Friday, June 12, 2015

Friends

Last Sunday at InsideOut, our host became our speaker and spent a few minutes talking about friends.

Friends.

If you get into the right friend group, you'll beast mode high school.

Friends.
Not drinking buddies. Friends.
People who'll keep each other accountable at a party. People who're on the same page. People who've got your back.

I came to the rude awakening I'd been suspecting for a while, and opened my eyes.

I don't have friends.
I have mutual friends, people I kind of know in my kind of classes and sort of gym, but I don't have accountability partners.
I'm on the same page with a few people, but we aren't close.
It's just so hard for me to open up and trust people, yah know? I've only opened up to a handful of people, and for good reason.
I'm afraid my secrets and self are too deep for most anyone to handle.
They might see me as a beast and push me away.

I have friends. Kindred spirits.

One of them has a hectic schedule and goes to another school. Two of them moved several states away. One of them lives halfway across the country. Two of them live halfway across the world.

I have friends, true friends, but they're too far away.

So, I've been praying with more humility than I've had in a long time, and for three days this week, God has answered my prayers.

On Wednesday and Thursday, Chad and Carlee stopped by the gym to train.
I was so eager to see them, I trained for an hour on Monday, and stayed for three hours each day for the other two.
Besides them, some miracle brought Ms. Debra Vega and Chad Harper there too.

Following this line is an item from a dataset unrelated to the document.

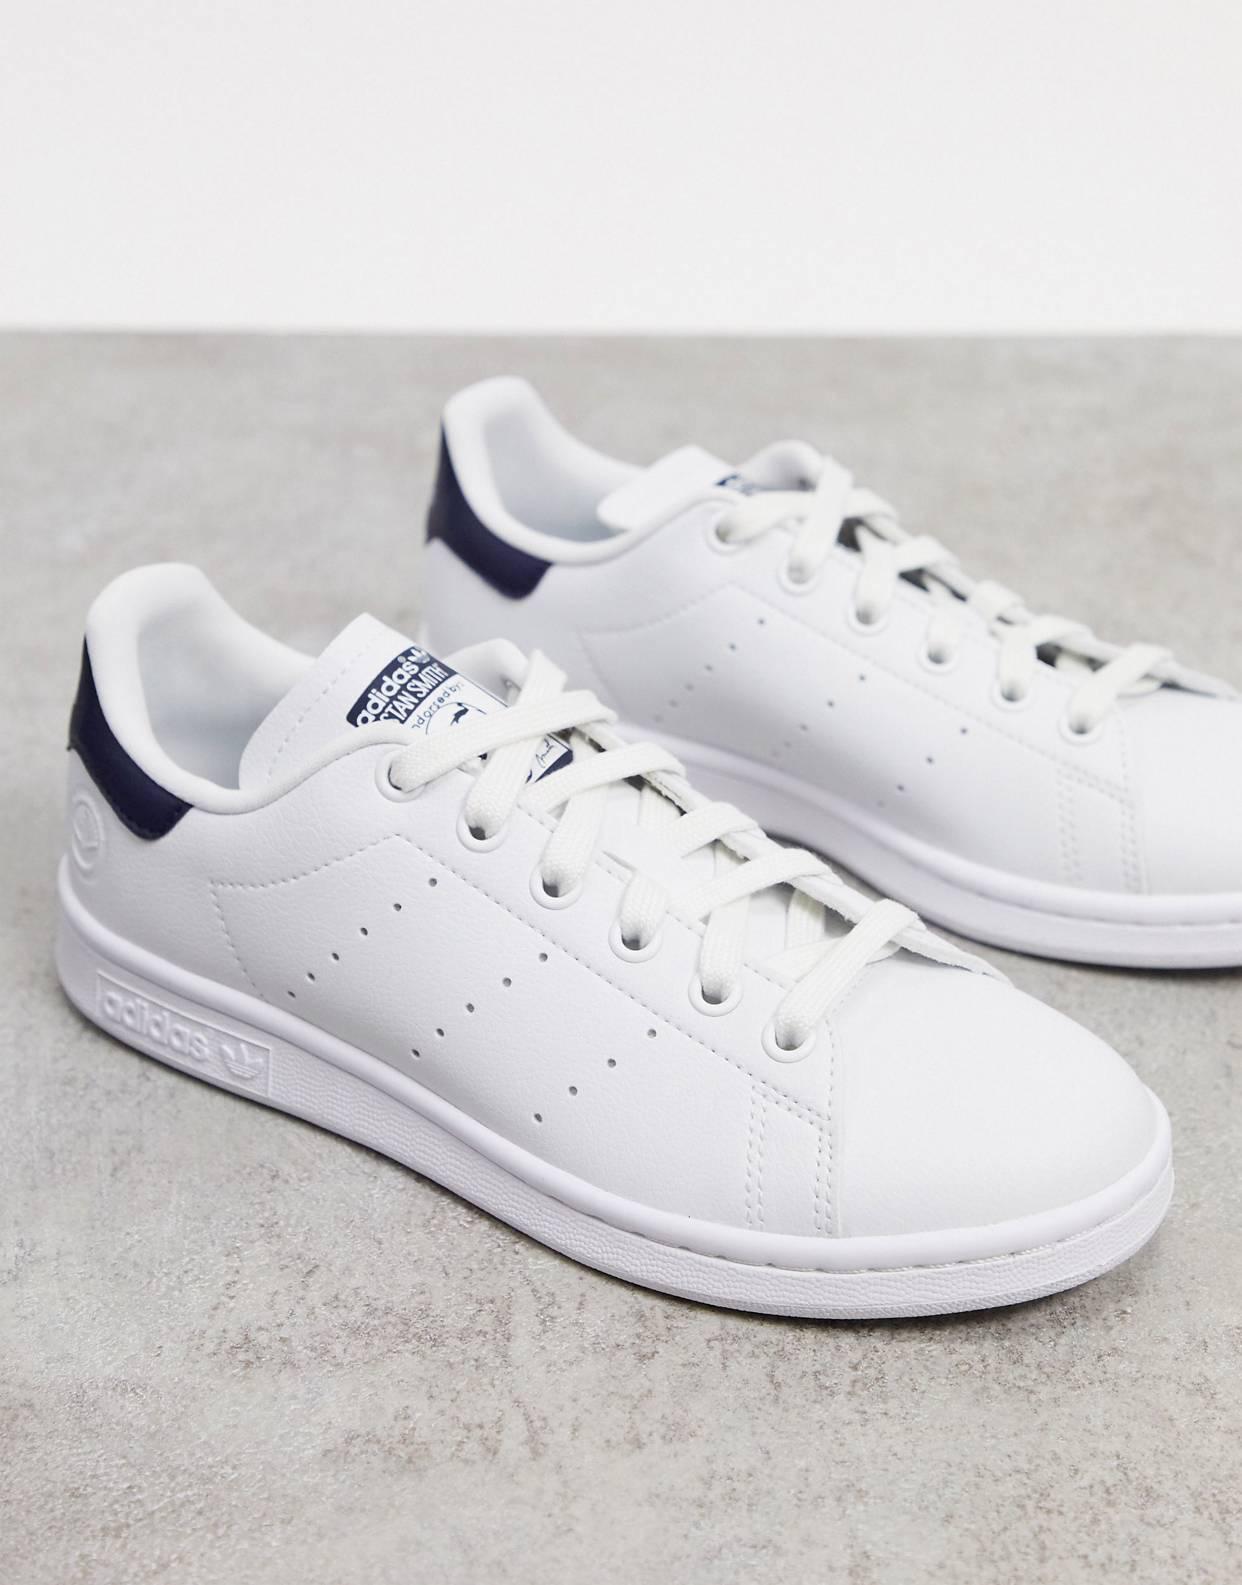 Adidas Original Stan Smith Vegan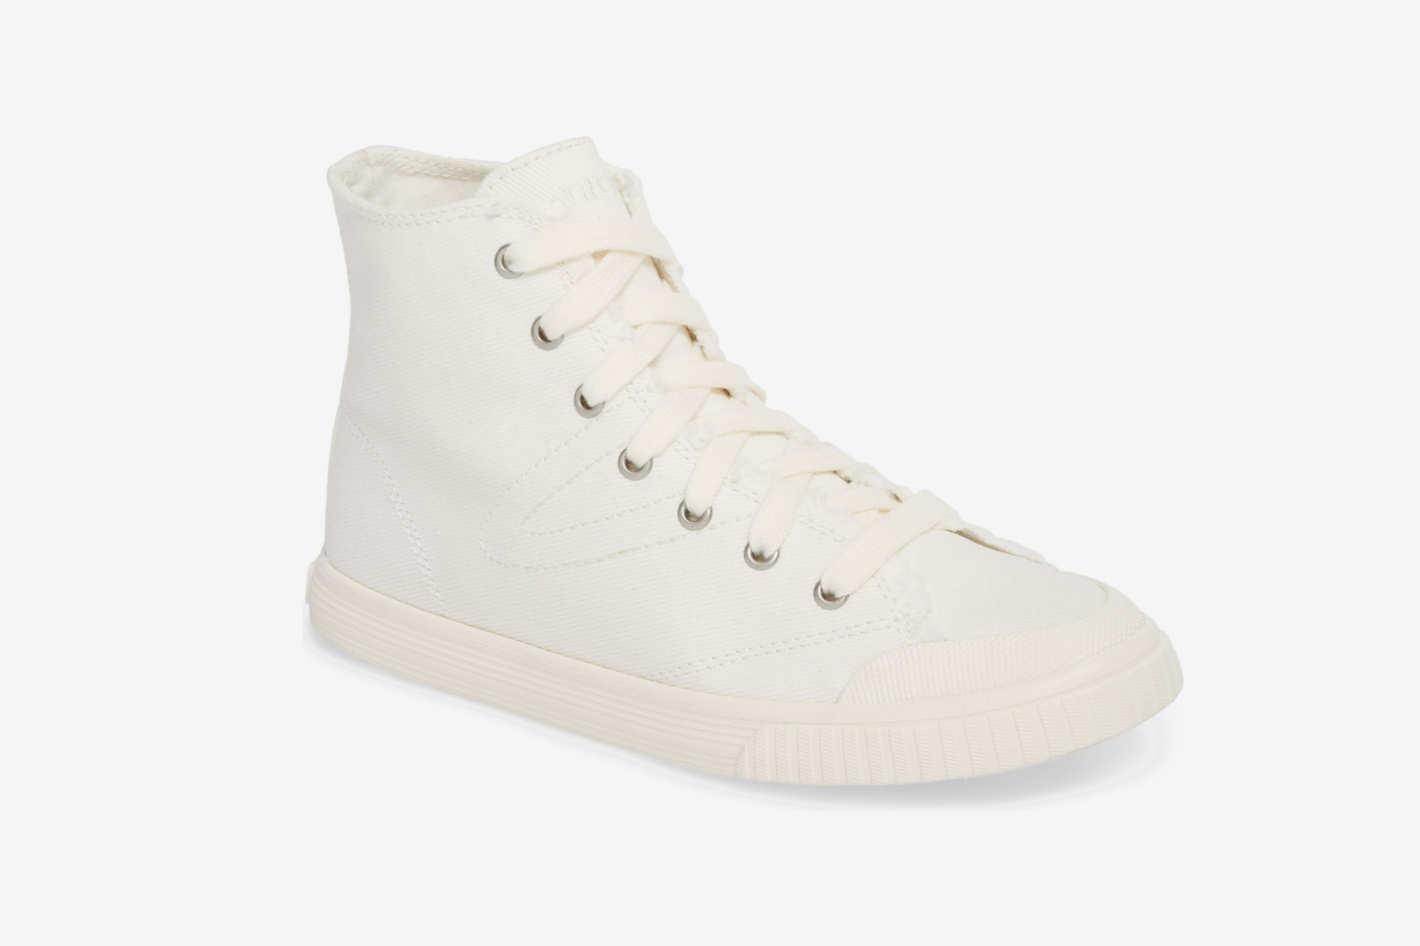 Tretorn Marley 2 High Top Sneaker

On Thursday, God brought me Sydney.
She brought me such joy, I don't even have the words to express it.

So far at my school, I've made at least two semi close friends each year.
Unfortunately, with changing lunch periods, classes, and seats, it's been difficult to keep them.

I hope I can keep the one. Maybe both. Three if I'm lucky.
I don't believe in luck.

It takes one to two years to forge a nice relationship with me. More than two and a little bit of effort, close friends. More than three and a truckload, loyal friend for life.

Syd and I have been friends for about ten years.
I'm sad we're so far away now. I hope we can meet up again in July :)

I may be on my own right now, but I will find my friends. Even if it takes one hundred years. I'll find them. Someday.